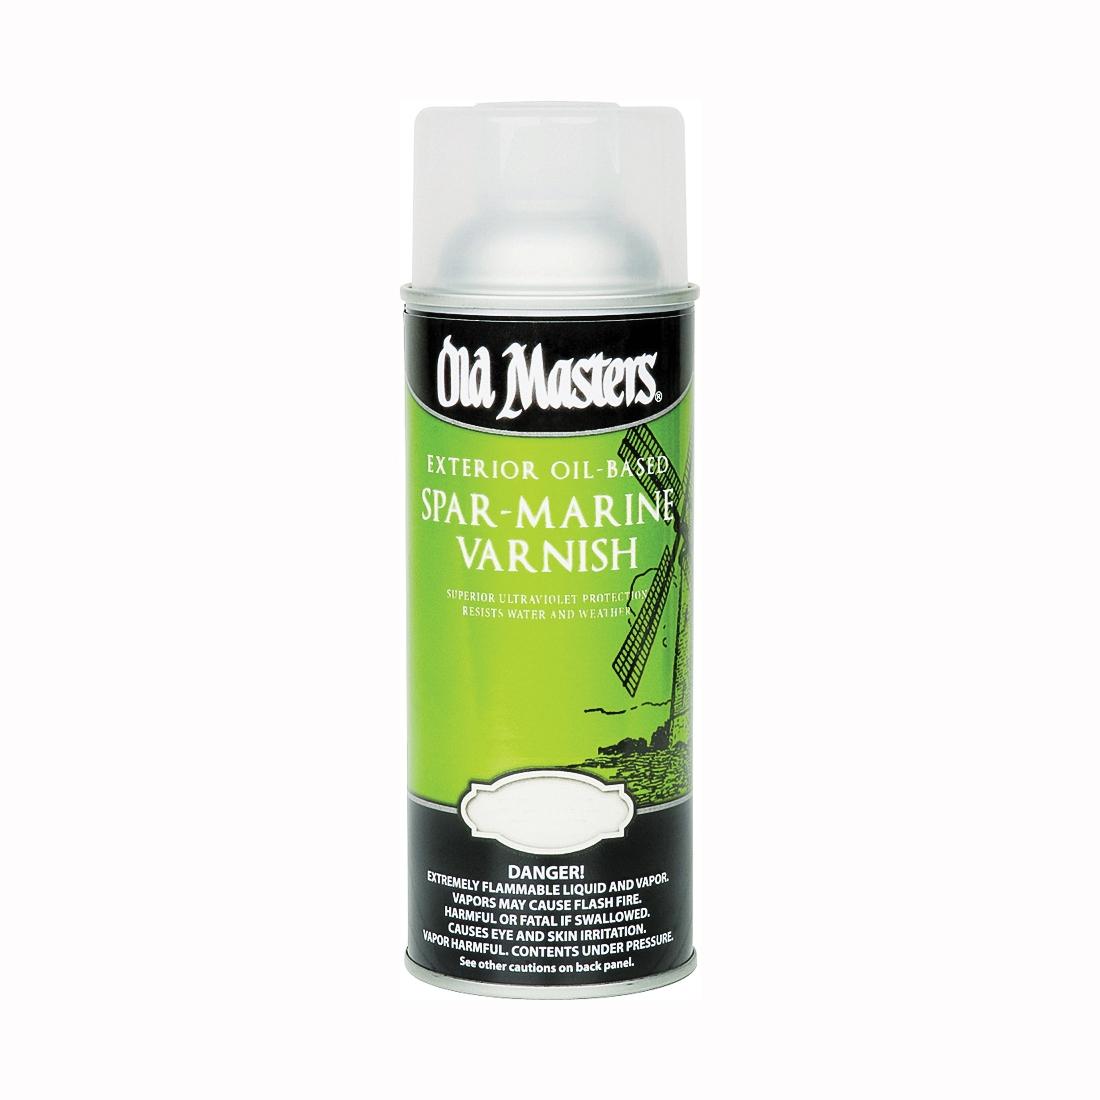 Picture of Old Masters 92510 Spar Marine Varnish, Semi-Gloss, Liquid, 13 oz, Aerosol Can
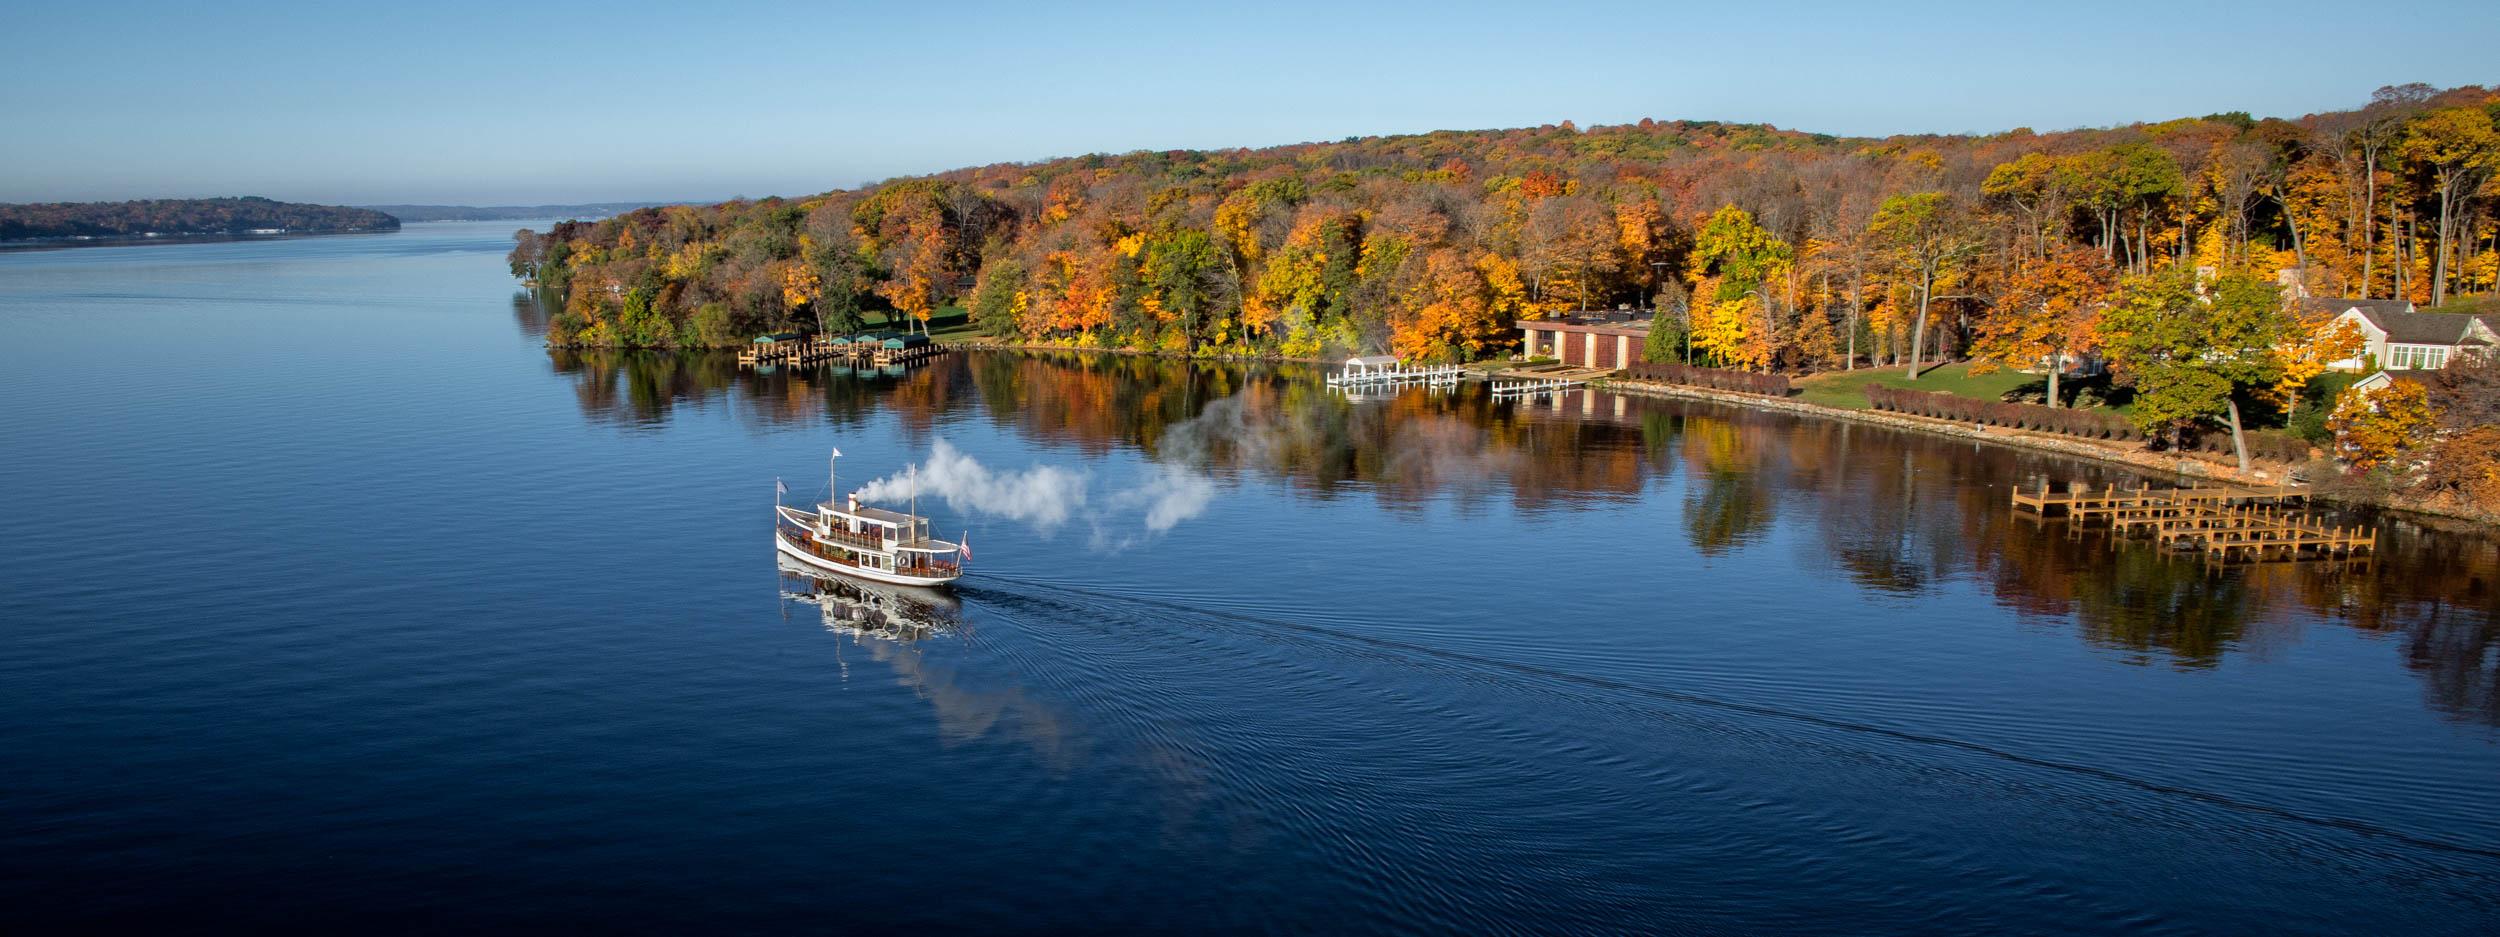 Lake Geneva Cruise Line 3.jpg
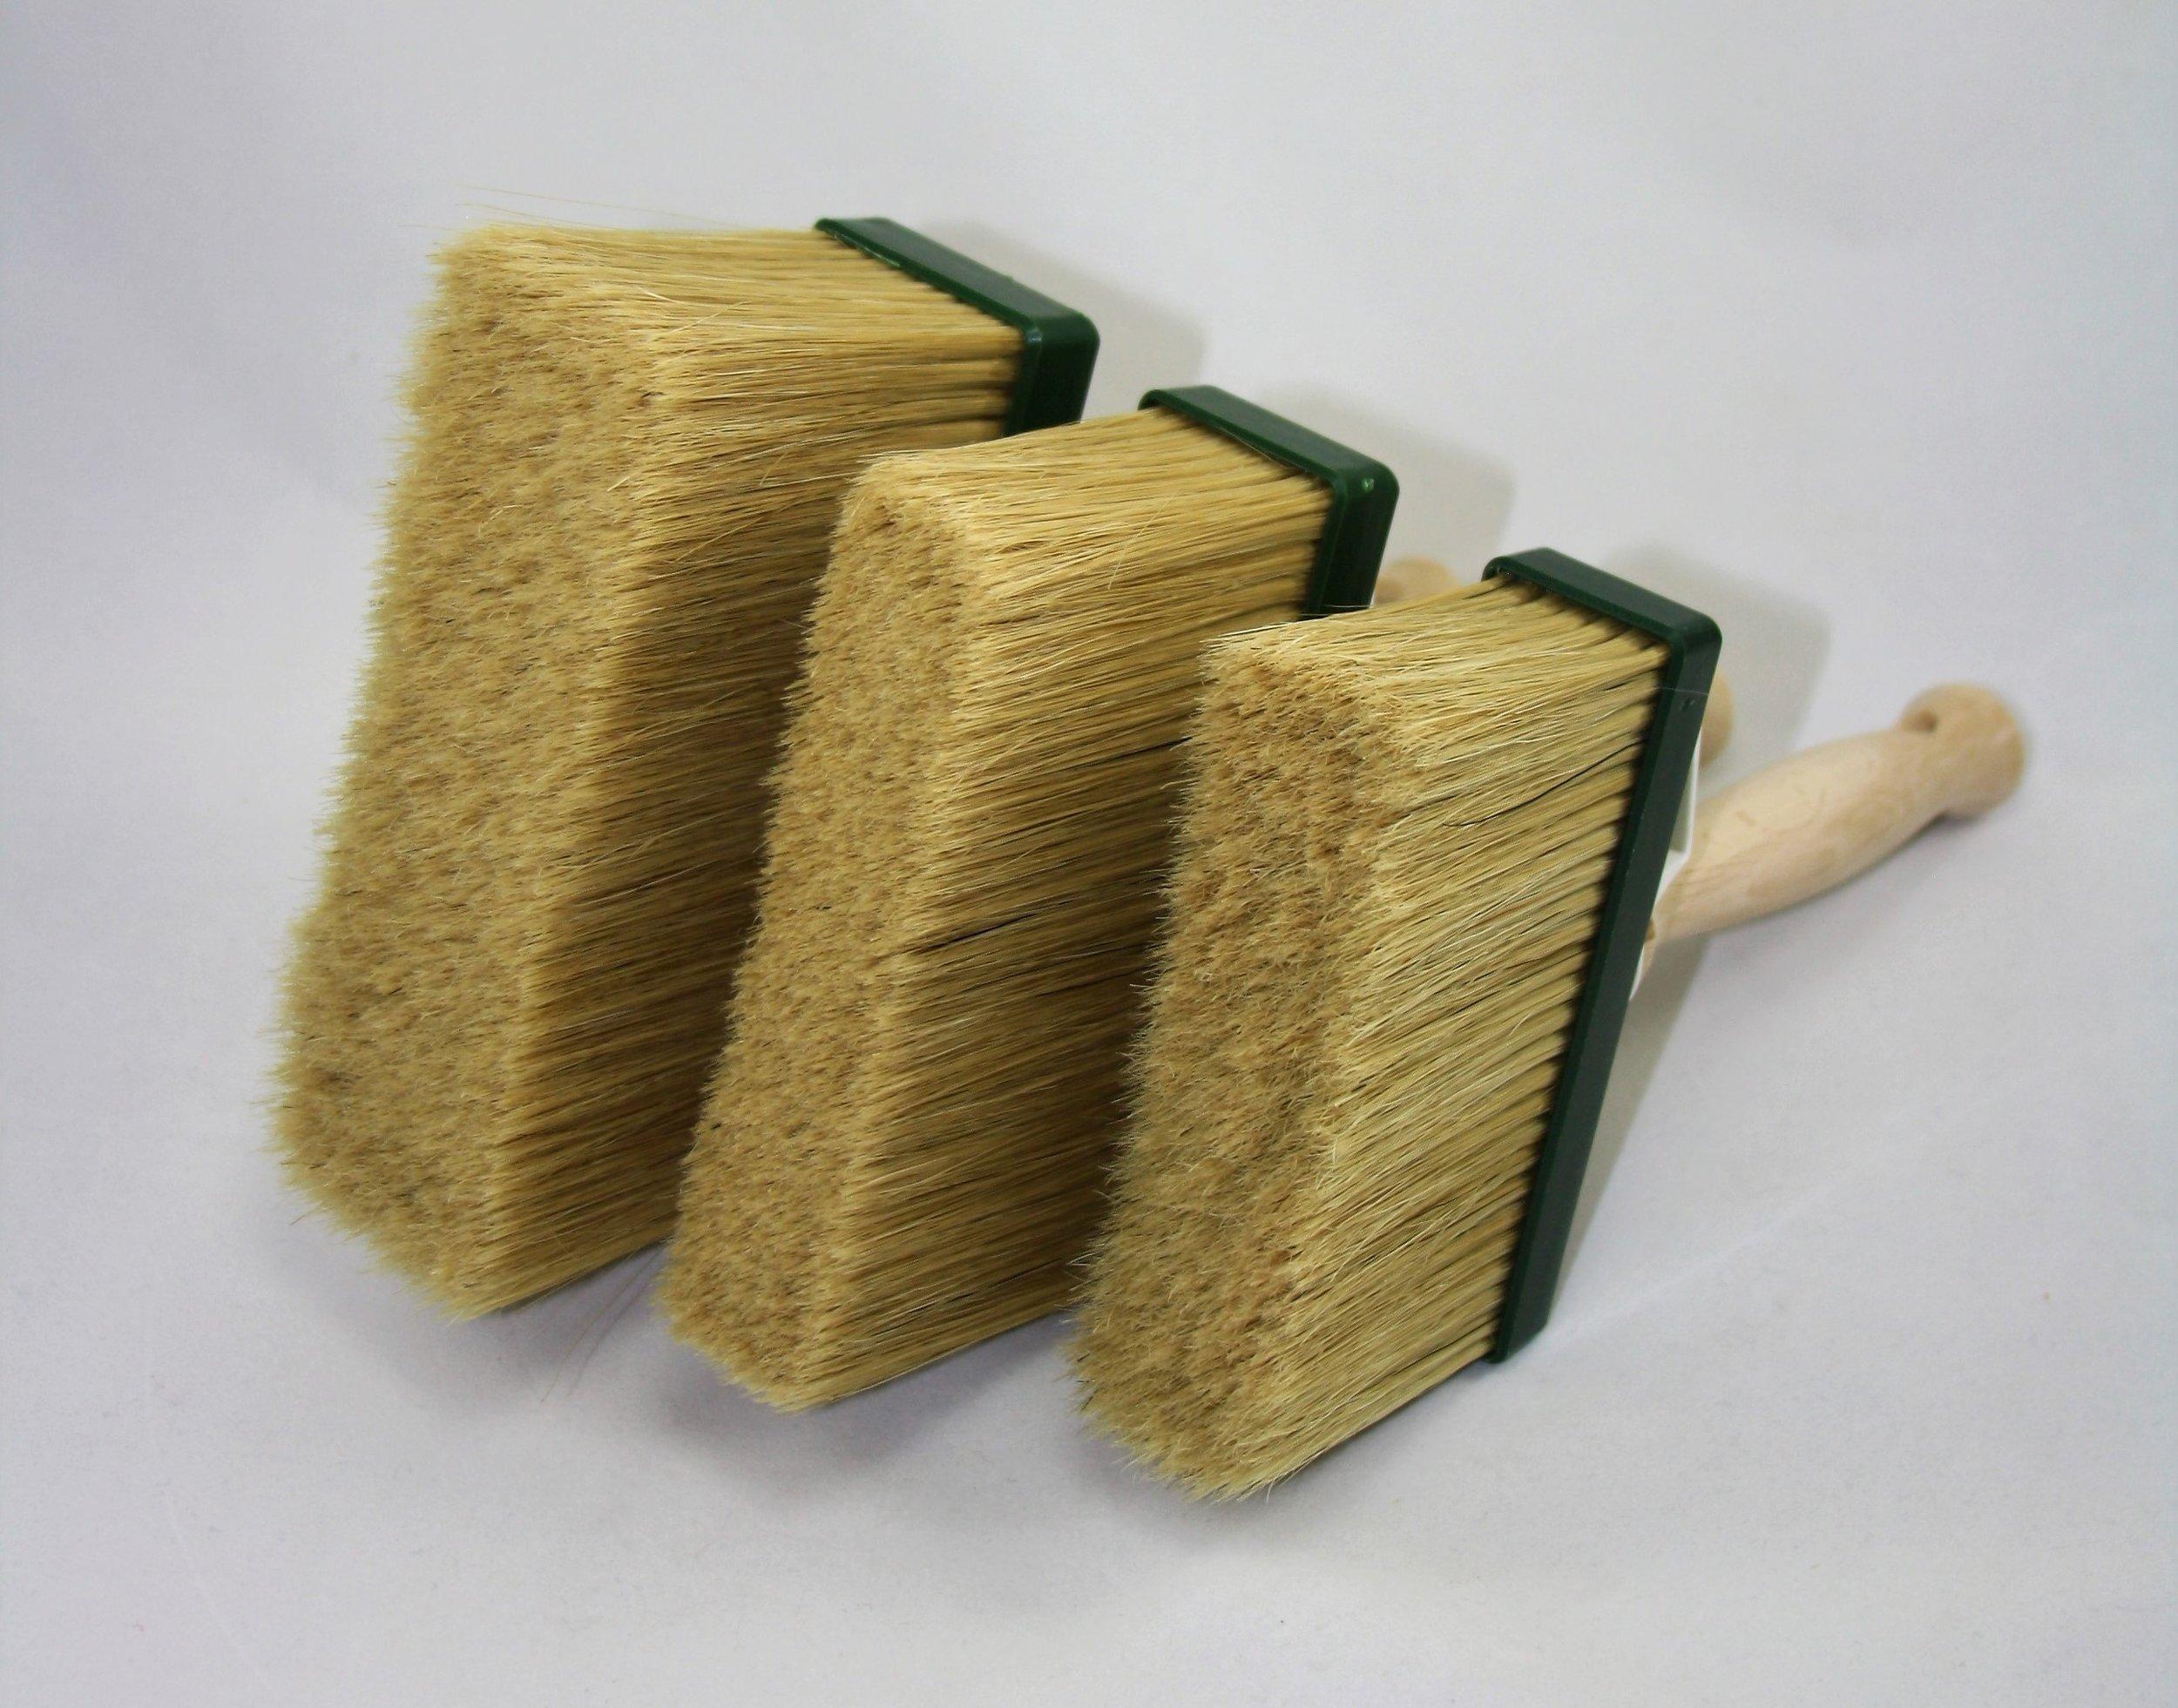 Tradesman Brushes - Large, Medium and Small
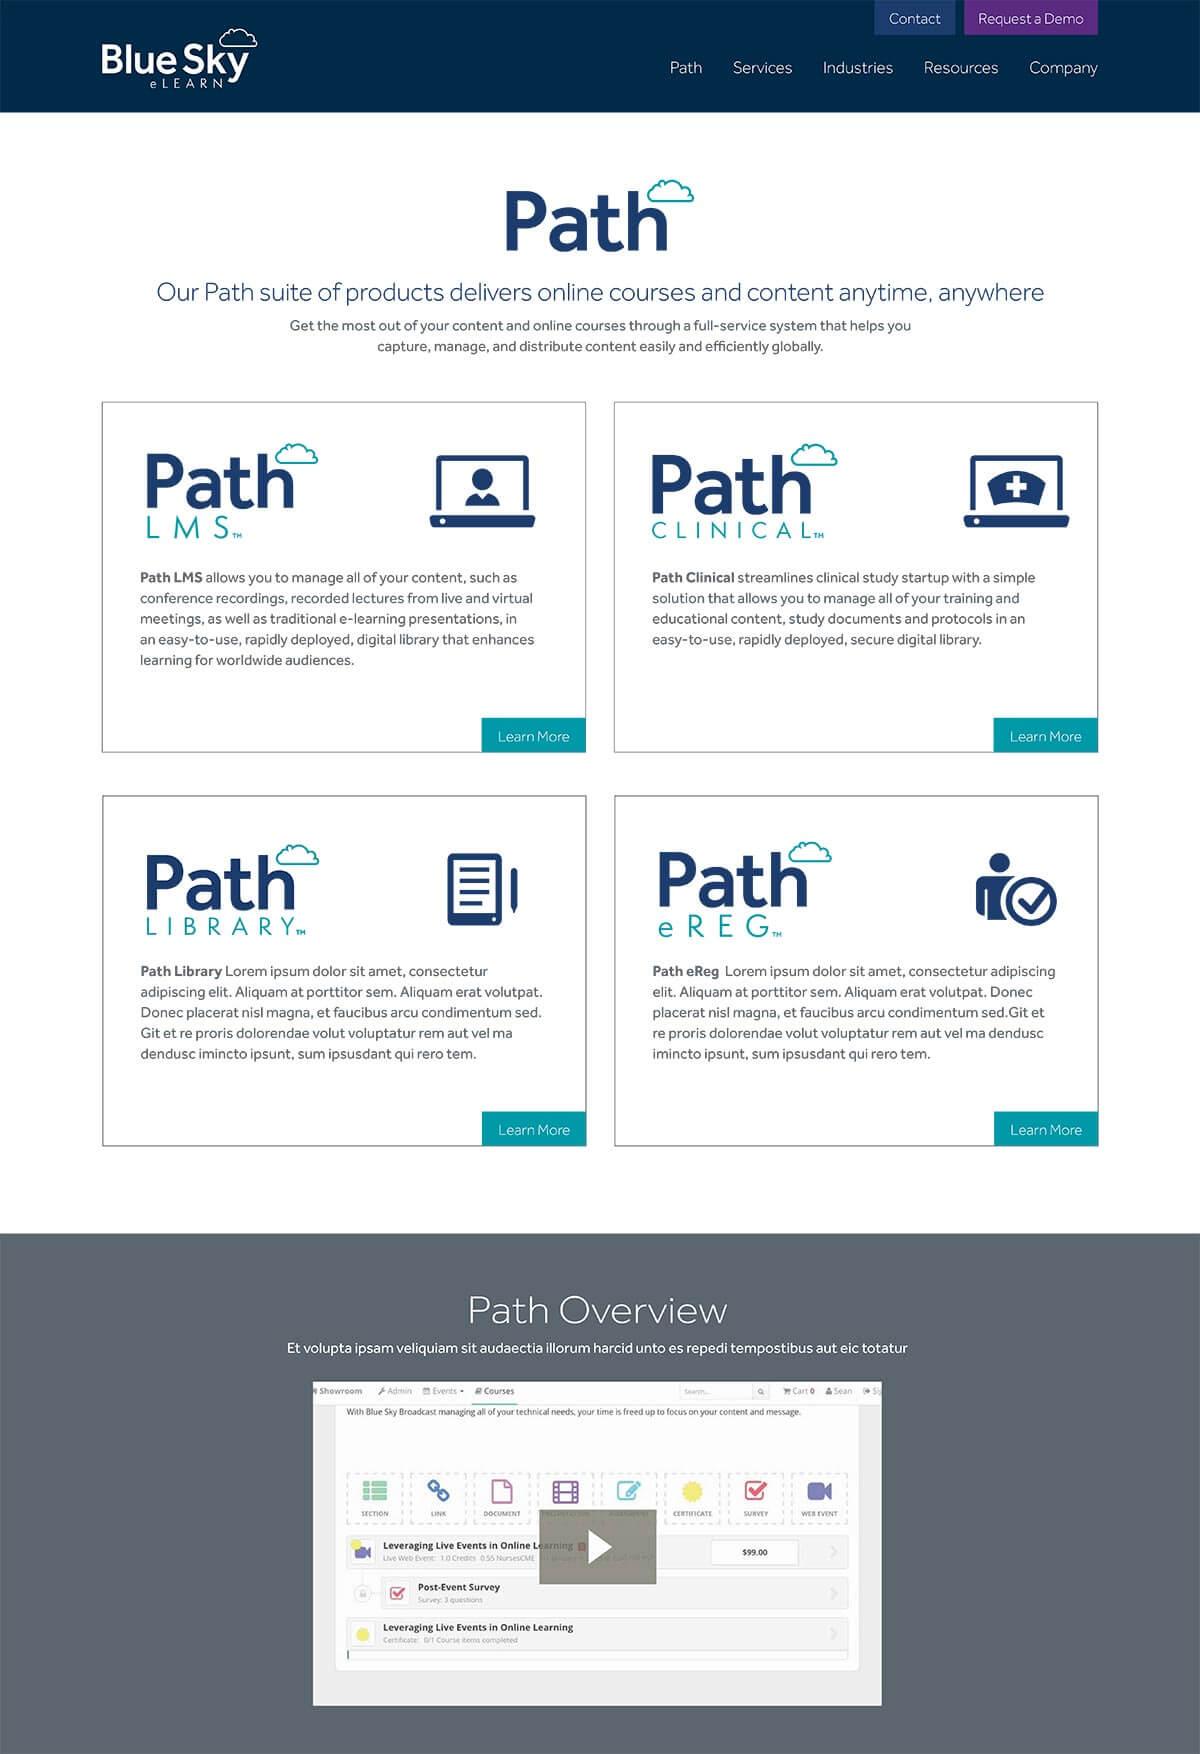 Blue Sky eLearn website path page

== EXERCISE INSTRUCTIONS ==
Output the lines above in full and exactly as given, omitting any pictures.

== RESPONSE BELOW ==
 Picture of Old Masters 92510 Spar Marine Varnish, Semi-Gloss, Liquid, 13 oz, Aerosol Can
 Lake Geneva Cruise Line 3.jpg
 Tradesman Brushes - Large, Medium and Small
 Blue Sky eLearn website path page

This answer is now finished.